Cover song generation is reformulated as a conditional generation task: given the melody of an original vocal track and a text prompt, simultaneously generate new vocals and a harmonious accompaniment.

1. Element-wise Linear Modulation (EiLM)

Feature-wise Linear Modulation (FiLM) is extended to Element-wise Linear Modulation:

\[h_i^m = \text{EiLM}(h_i | c) = \gamma_i \odot h_i + \beta_i\]

where \((\gamma_i, \beta_i) = f_i(c)\), and the modulation parameters precisely match the shape of the hidden states \(\gamma_i, \beta_i \in \mathbb{R}^{B \times T \times D_i}\).

Difference from FiLM: FiLM operates along the feature dimension, whereas EiLM operates across all dimensions (including time), enabling element-wise modulation that ensures temporally aligned injection of melody.

2. Instance-Adaptive Condition Refinement (IACR)

Core Idea: Conditional features should dynamically adapt based on the hidden states of the generative model.

\[h'_i = L_{h_i}(h_i), \quad m'_i = L_{m_i}(m)$$ $$c_i = \tanh(h'_i) \odot \tanh(m'_i)\]
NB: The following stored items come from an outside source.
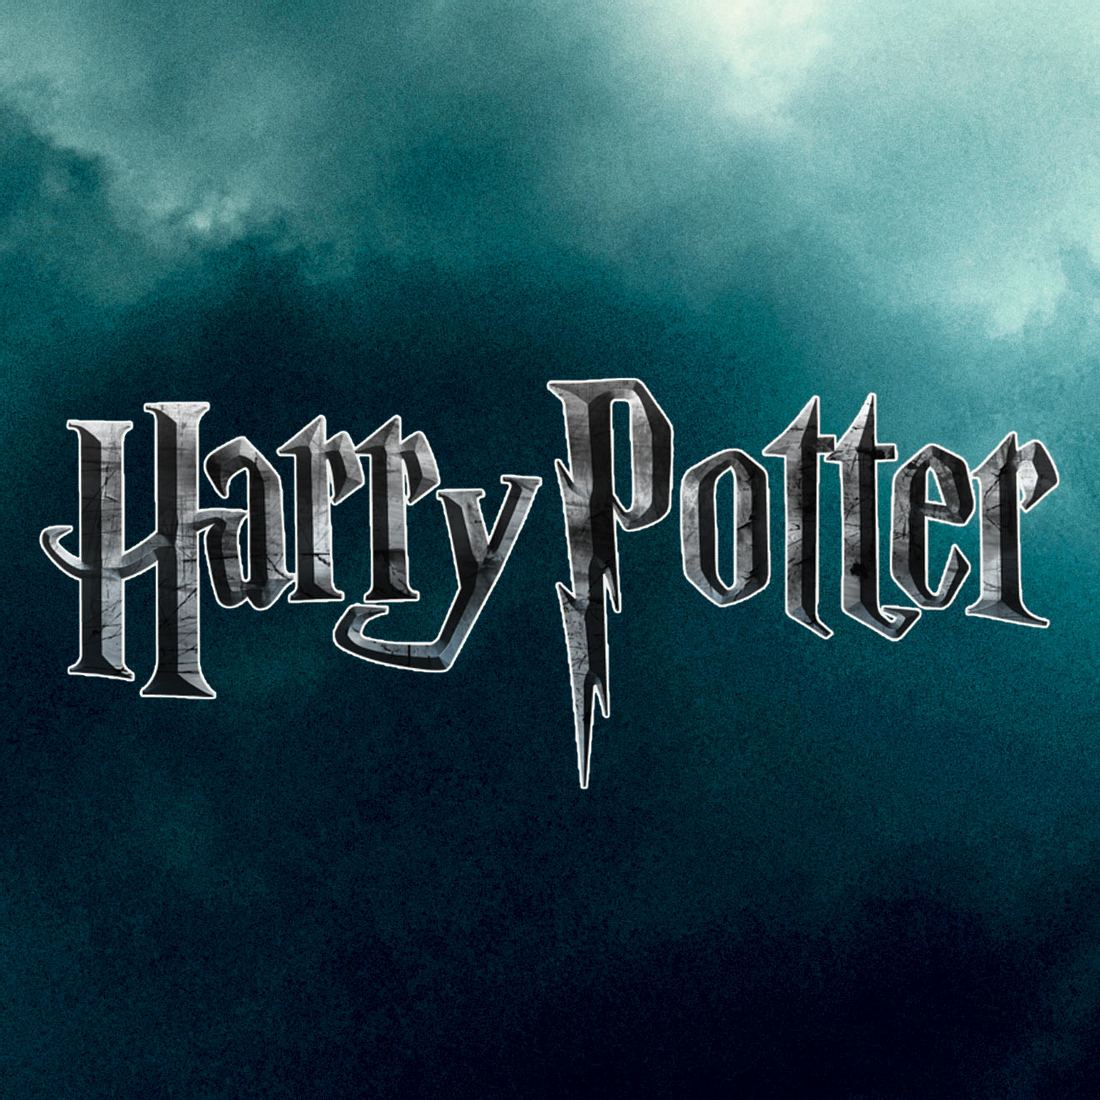 Die Harry Potter Verfilmungen werden von einer Krankheit überschattet
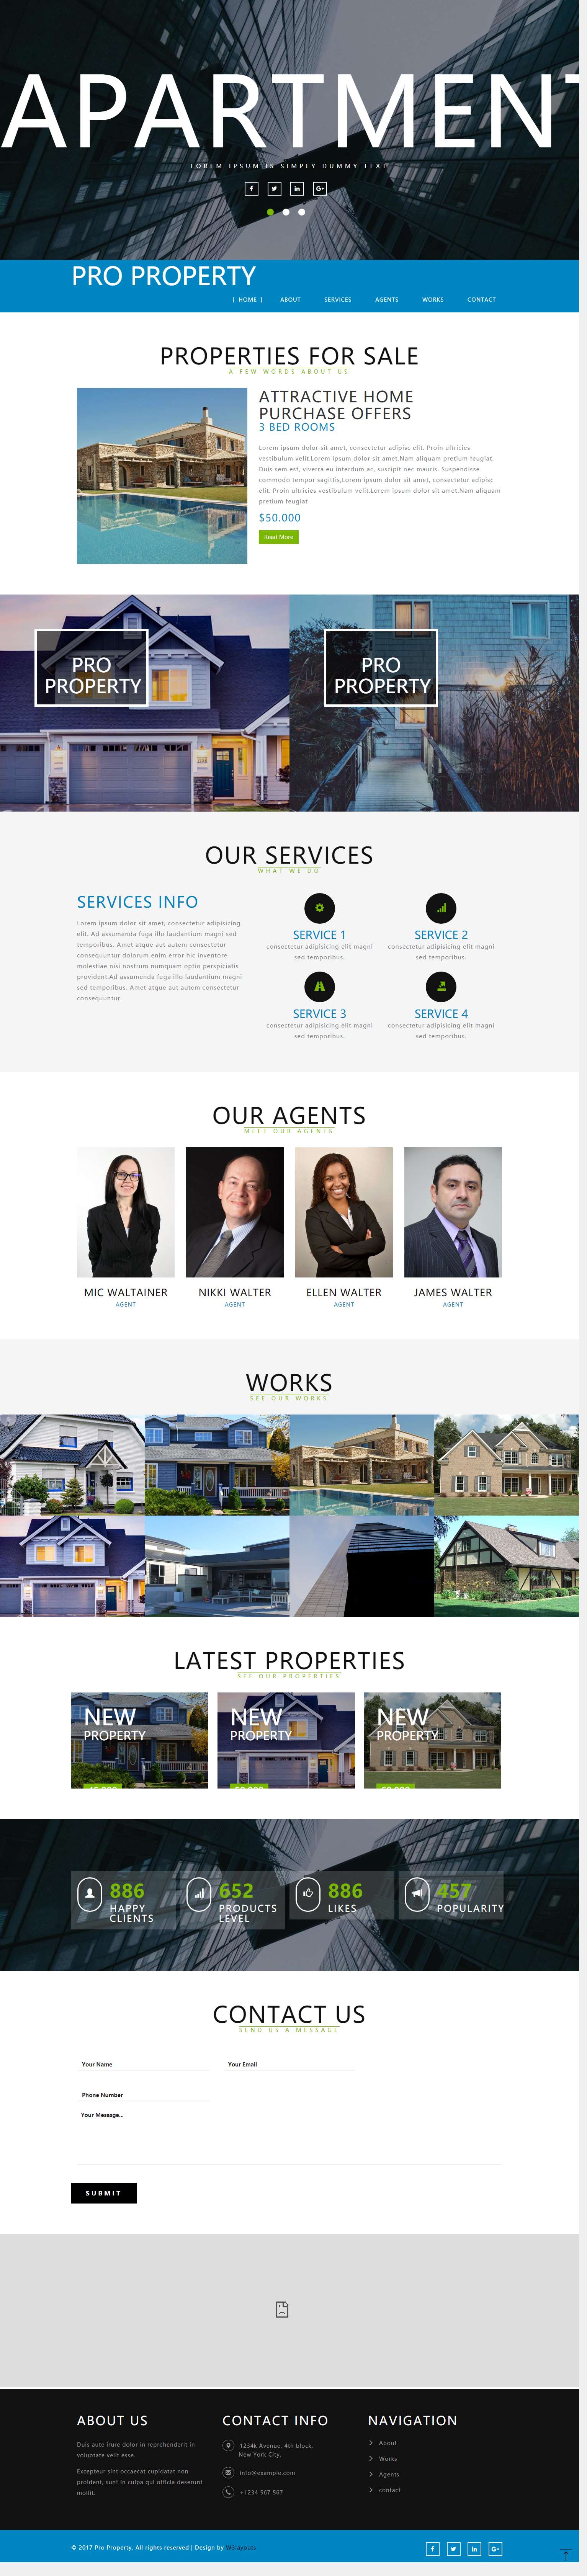 蓝色简洁风格的房产交易整站网站源码下载
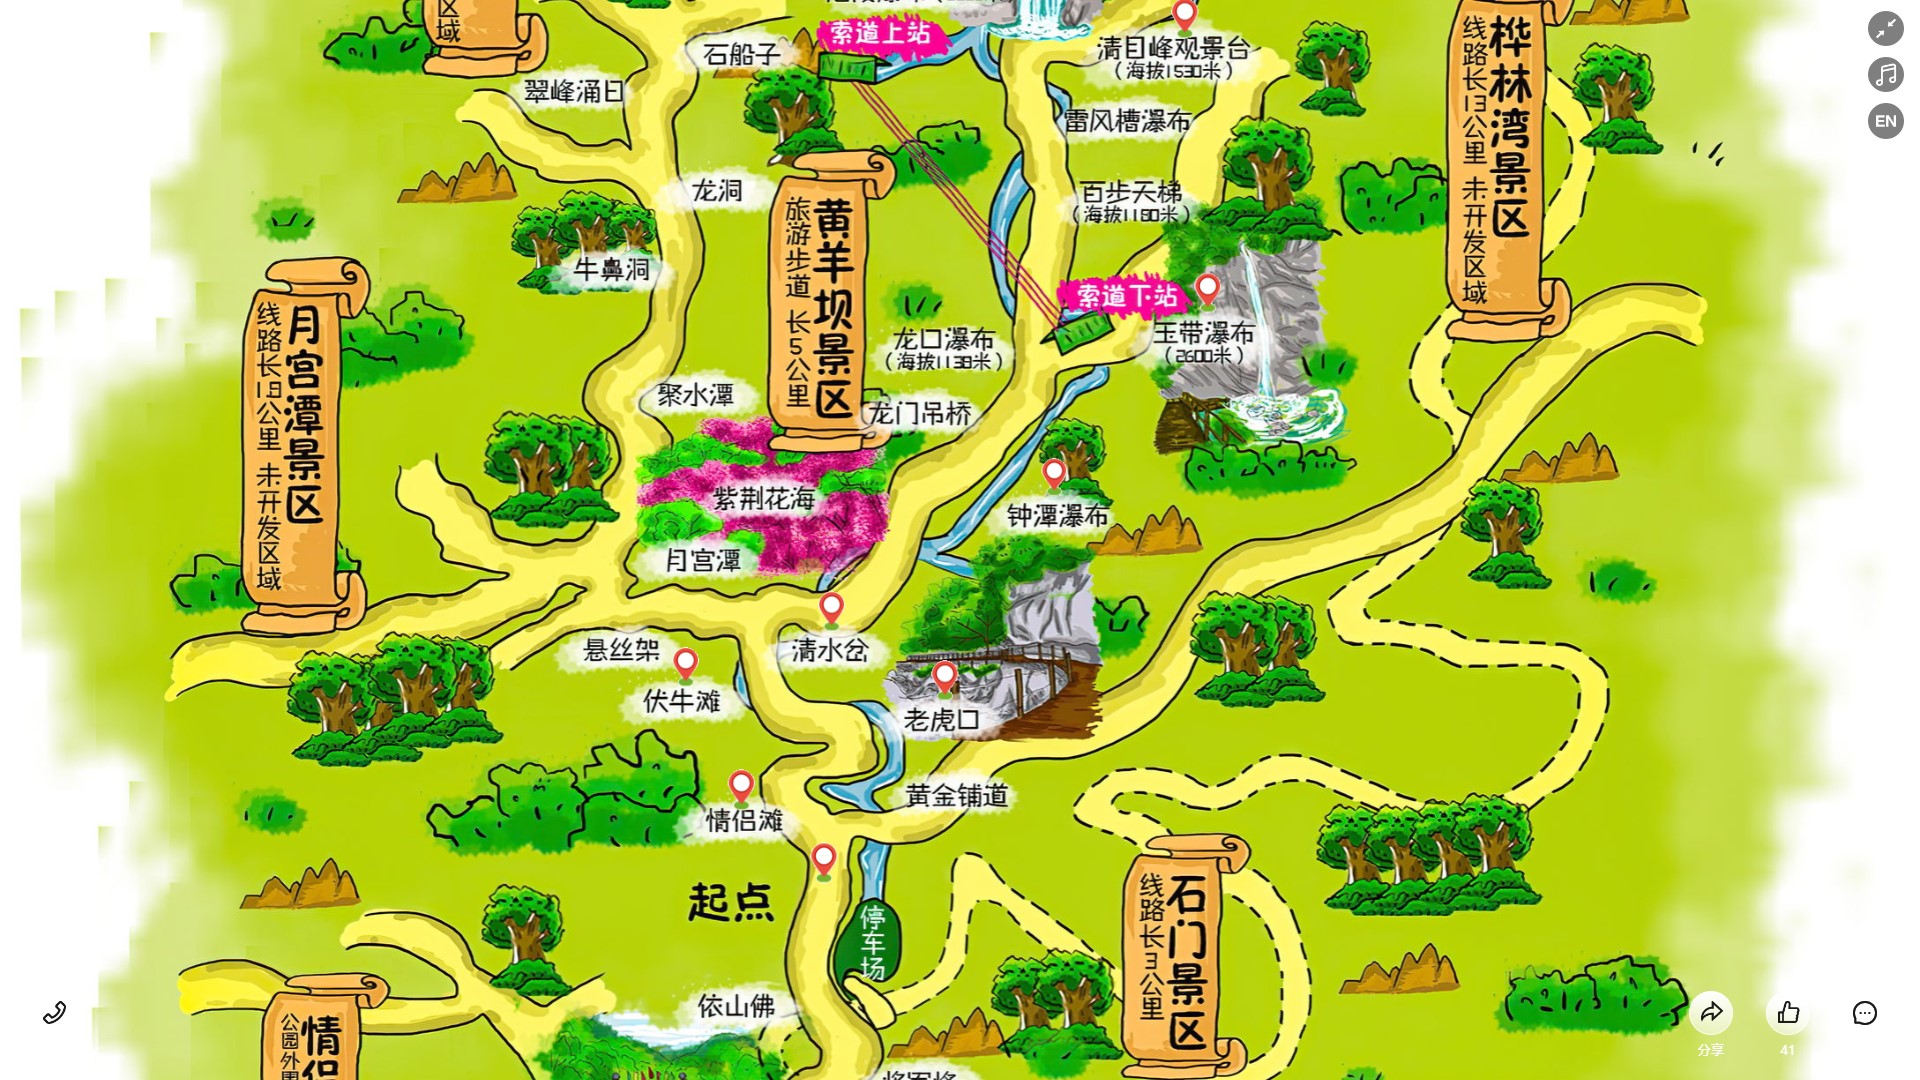 黄竹镇景区导览系统

A gating mechanism (inspired by WaveNet) enables interaction between hidden states and melody conditions, producing instance-adaptive conditional representations.
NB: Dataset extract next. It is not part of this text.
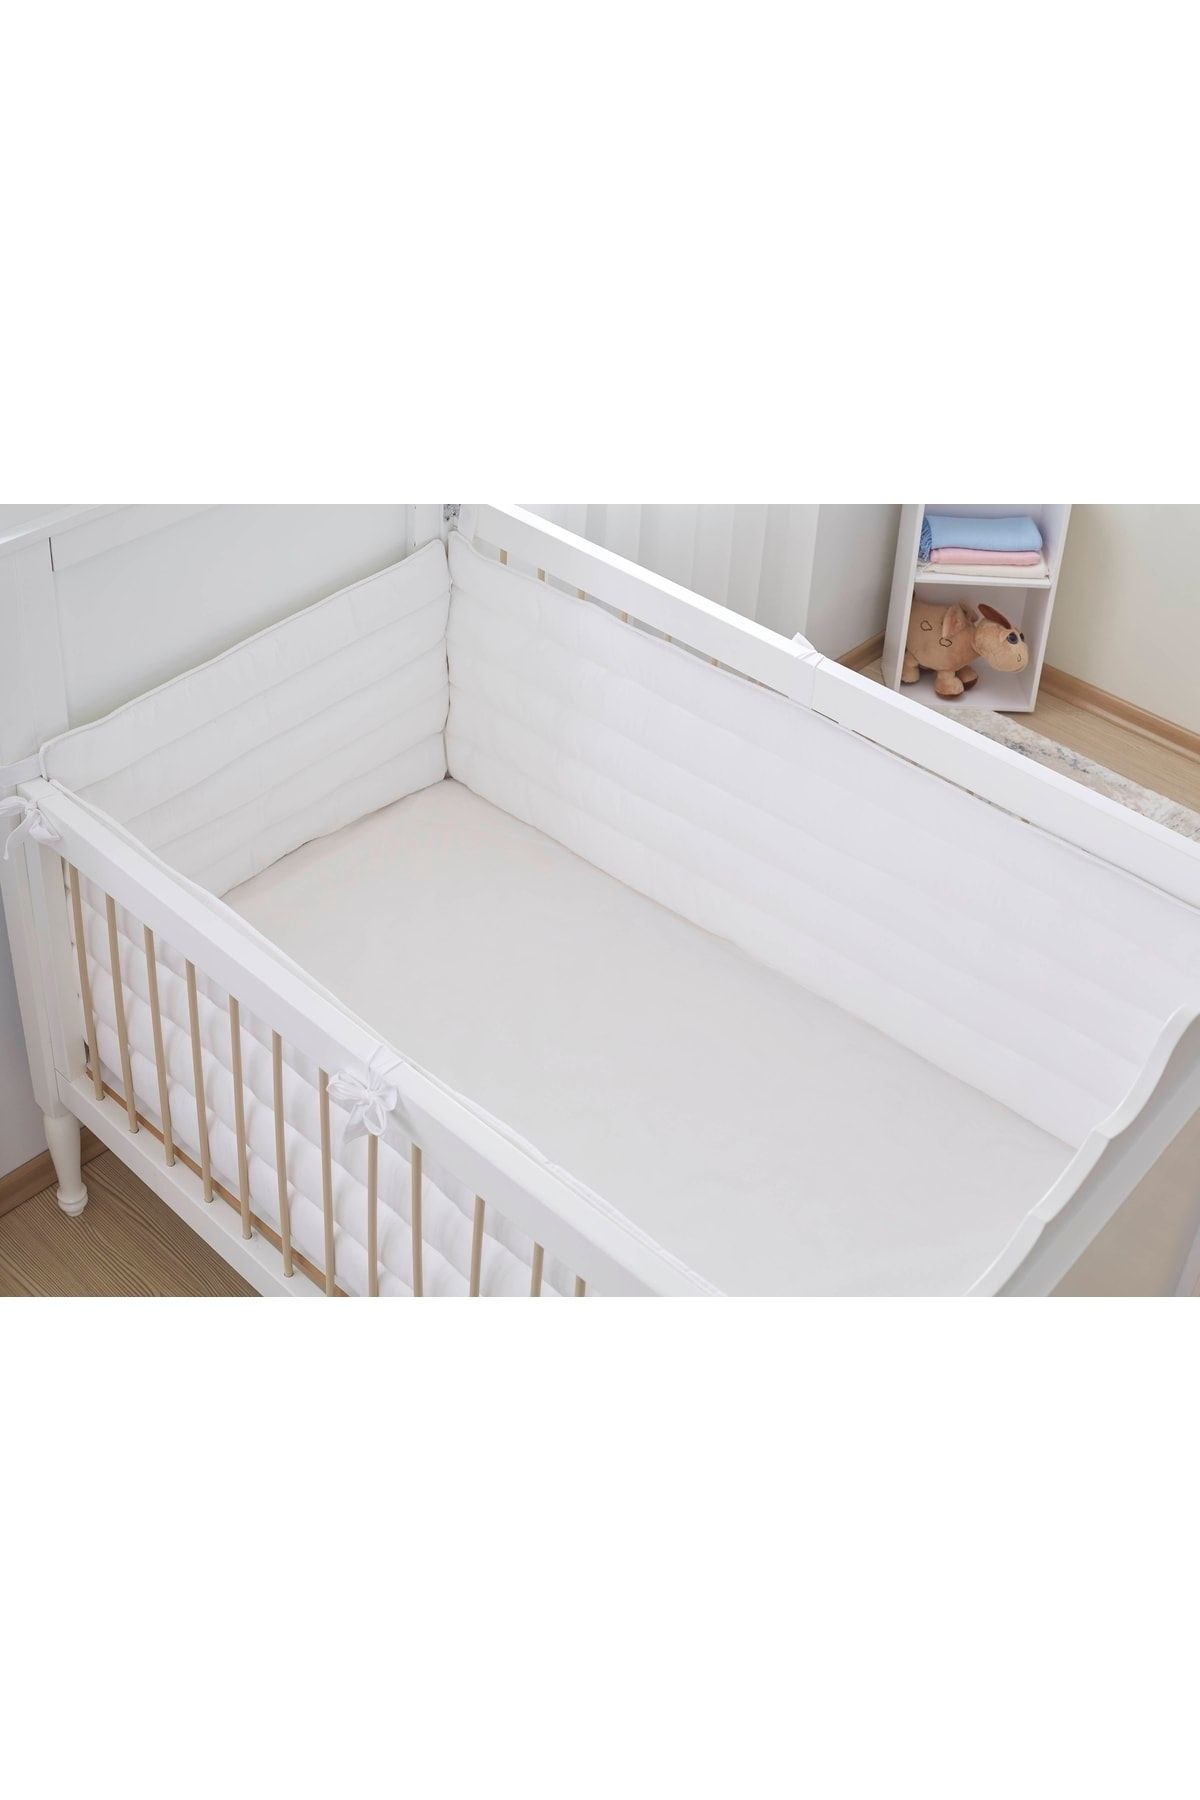 Aybi Baby Beşik Kenar Koruyucu Set 4 Parça- Beyaz - 70x130 Cm

Theoretical Motivation: Static condition mapping suffers from an under-constrained many-to-one mapping problem. IACR transforms this into a one-to-one mapping by providing direct access to the hidden state \(h\).

3. SongEcho Framework

  • Built upon ACE-Step (a text-to-song model)
  • Pitch extraction: RVMPE (100 Hz)
  • Melody encoder: 1D convolutional layers
  • IA-EiLM modules integrated before the FFN layer of each Transformer block
  • Zero initialization: \(\text{EiLM-zero}(h_i|c_i) = (\gamma_i + 1) \odot h_i + \beta_i\), ensuring training starts from the original model behavior
  • Pretrained parameters are frozen; only IA-EiLM and the melody encoder are trained

4. Suno70k Dataset

To address the scarcity of full-song datasets, an AI-generated song dataset of 69,469 songs is constructed: - Filtered from 659K songs on Suno.ai - Quality assessed across five dimensions using SongEval - Enriched annotations generated by Qwen2-audio

Key Experimental Results

Baselines

  • ACE-Step + SA ControlNet (1.6B trainable parameters)
  • ACE-Step + SA ControlNet + LoRA (331M)
  • ACE-Step + MuseControlLite (188M)
  • SongEcho (49M, approximately 3% of ControlNet parameters)
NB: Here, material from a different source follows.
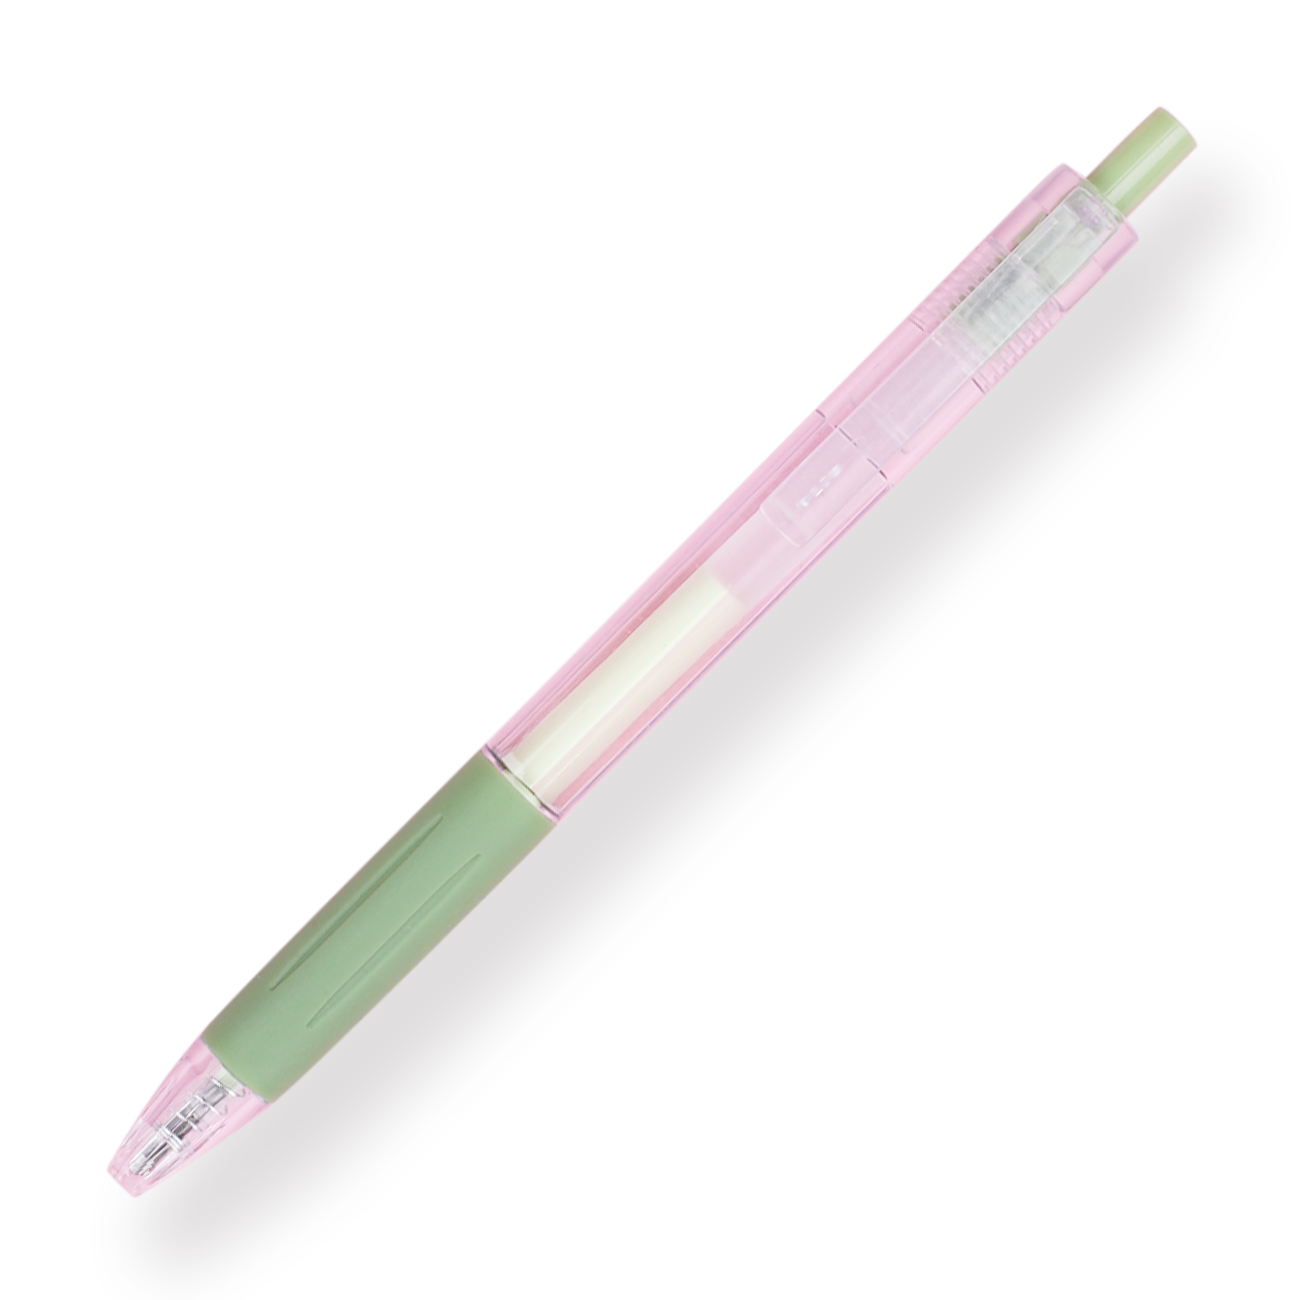 Minimalist Glue Pen - Green

Main Results (Suno70k Test Set)

Method RPA↑ RCA↑ OA↑ CLAP↑ FD↓ KL↓ PER↓ Params
ACE-Step (original) - - - 0.293 73.5 0.267 0.417 -
+SA ControlNet 0.621 0.644 0.686 0.288 106.0 0.202 0.371 1.6B
+MuseControlLite 0.521 - - - - - - 188M
SongEcho Best Best Best Best Best Best Best 49M

Ablation Study

Configuration RPA CLAP FD
EiLM only (w/o IACR) Lower Lower Higher
Addition injection only Lower Lower Higher
Cross-attention only Lower Lower Higher
IA-EiLM (full) Best Best Best

Highlights & Insights

  1. Exceptional parameter efficiency: SongEcho surpasses all baselines with fewer than 3% of ControlNet's parameters.
  2. Unified conditioning paradigm: EiLM combines the advantages of both additive and attention-based approaches.
  3. Well-motivated IACR: Clear theoretical analysis framing the problem as a transition from under-constrained to one-to-one mapping.
  4. Release of Suno70k: A high-quality open-source song dataset.

Limitations & Future Work

  1. Training on AI-generated songs leaves generalization to real-world recordings insufficiently evaluated.
  2. The definition of cover songs is narrow (global style transfer + melody preservation), without support for locally customized adaptations.
  3. Generation is constrained by the base model ACE-Step's 4-minute limit.
  4. Melody control relies on pitch sequences, without considering richer musical control dimensions such as rhythmic variation.
  • Text-to-song: Jukebox, Suno, DiffRhythm, ACE-Step
  • Singing voice synthesis/conversion: SVS and SVC series
  • Controllable music generation: ControlNet, MuseControlLite
  • Conditional normalization: FiLM, AdaIN, TFiLM

Rating

  • Novelty: ⭐⭐⭐⭐ — The EiLM+IACR combination is novel, with well-grounded theoretical motivation for IACR.
  • Practicality: ⭐⭐⭐⭐ — Parameter-efficient with high output quality; strong practical applicability.
  • Experimental Thoroughness: ⭐⭐⭐⭐ — Multi-dataset evaluation with thorough ablation studies.
  • Writing Quality: ⭐⭐⭐⭐ — Clear structure with well-articulated motivation.